A very sad loss. RIP James Bond Original. You will be missed.

Reactions: Like 4 | Agree 6


----------



## Resistance (1/11/20)

Heard the news yesterday. Sir Sean Connery Rest In Peace.

Reactions: Like 4


----------



## AKS (1/11/20)



Reactions: Like 1 | Winner 4


----------



## Stranger (2/11/20)

RIP Sir Sean

Juan Sánchez-Villalobos Ramírez

For me his best ever role, yes he was great in the Bond movies, but Highlander got a cult following and even today you will see his character at comicon's and role play.

Sadly we also got the news that my wife's dad passed away yesterday. Died in his sleep at age 92


----------



## Puff the Magic Dragon (2/11/20)

Stranger said:


> Sadly we also got the news that my wife's dad passed away yesterday. Died in his sleep at age 92



My condolences @Stranger . My dad also passed away last month aged 96.

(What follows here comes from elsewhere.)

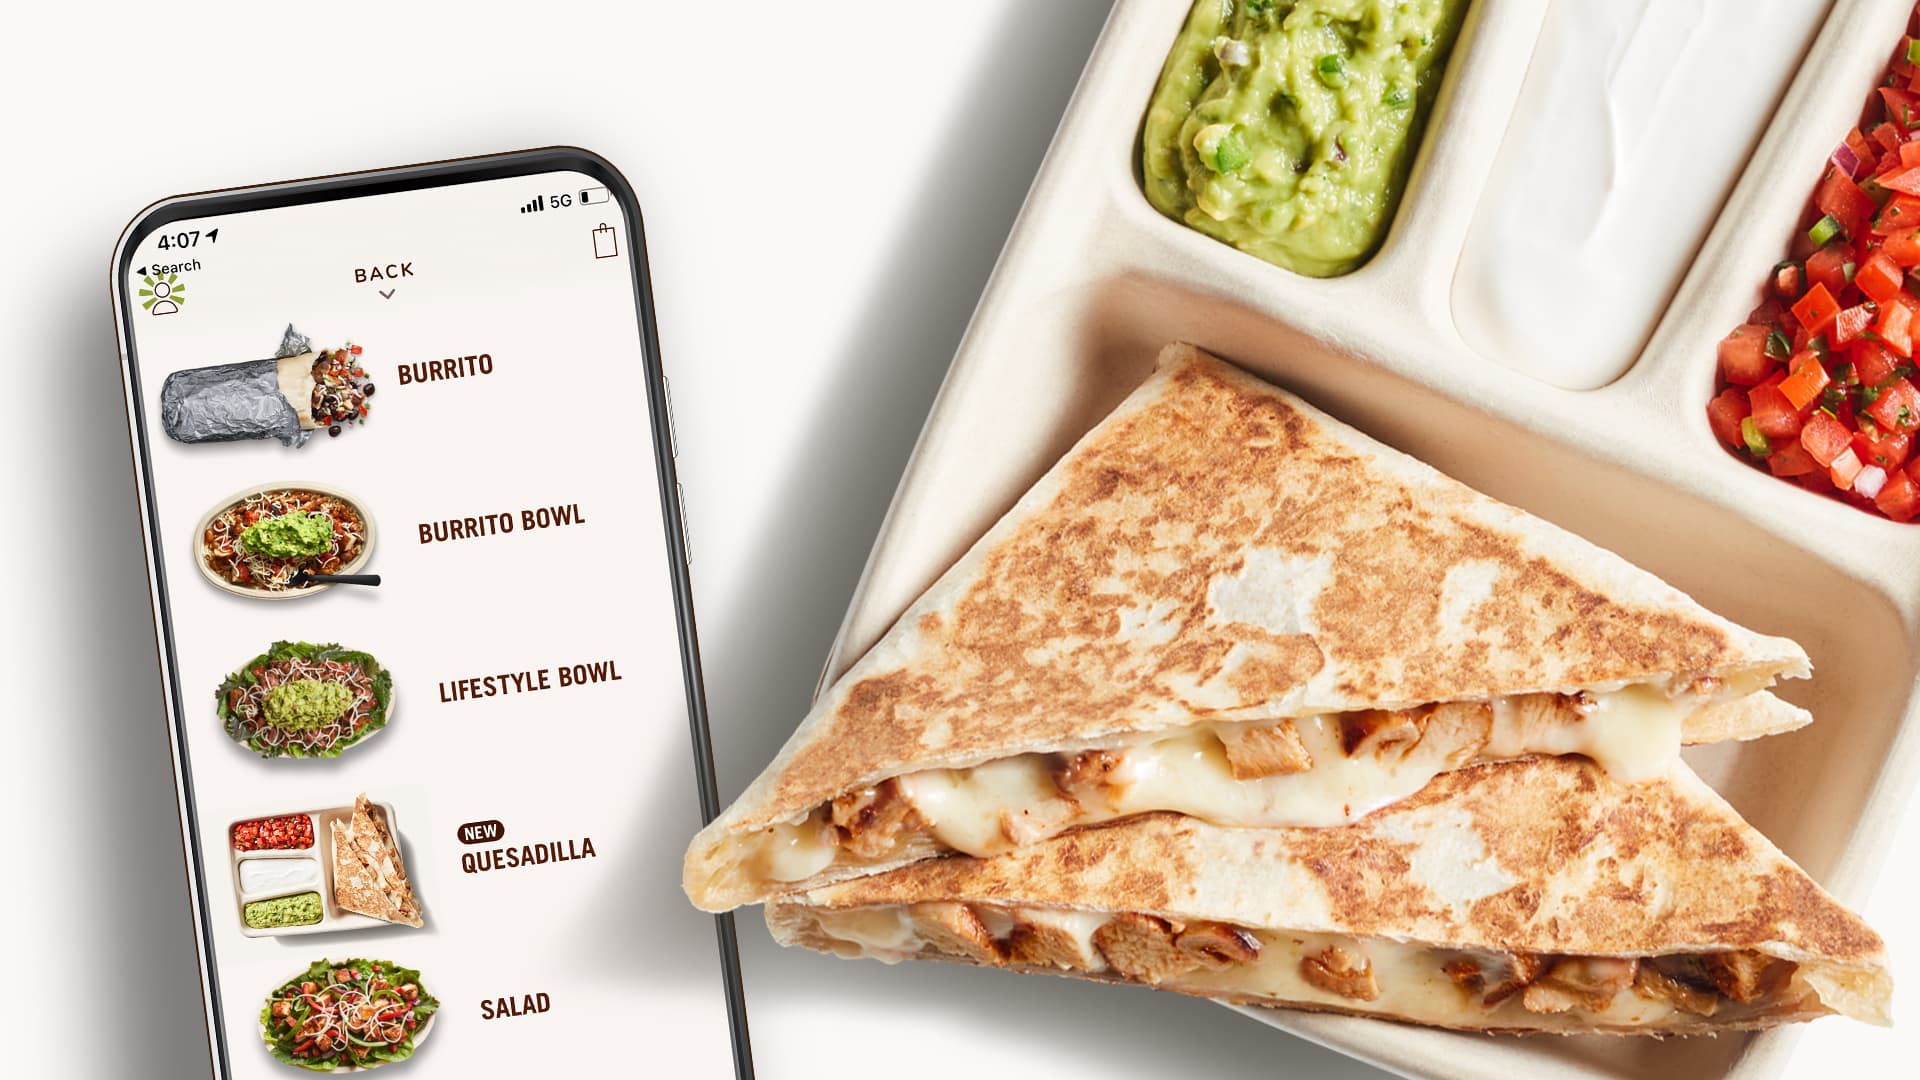 Chipotle’s quesadillas bring in new customers, contributing to digital sales growth

Reactions: Like 1 | Agree 1


----------



## AKS (2/11/20)

Sad news @Stranger and @Puff the Magic Dragon Strength and peace to you and your families.

Reactions: Like 3 | Agree 1 | Thanks 1


----------



## Stranger (2/11/20)

Puff the Magic Dragon said:


> My condolences @Stranger . My dad also passed away last month aged 96.



Sorry to hear, and thanks @AKS . Luckily the old man had a good life and his wife also went to 90 so they had a good long stretch together. He was an old fashioned tough old bird, no nonsense, down to earth. So typical of him to go in his sleep, he was never about drama. Sadly he is in the UK and we are here so no way of getting to the funeral, but that would not bother him. He used to say just stick him in the ground in the garden so he could feed the plants.

Reactions: Like 2 | Winner 5


----------



## DarthBranMuffin (2/11/20)

@Stranger & @Puff the Magic Dragon .... sorry for both your losses!!! And to the Connery family (extended to fandom as well)!!!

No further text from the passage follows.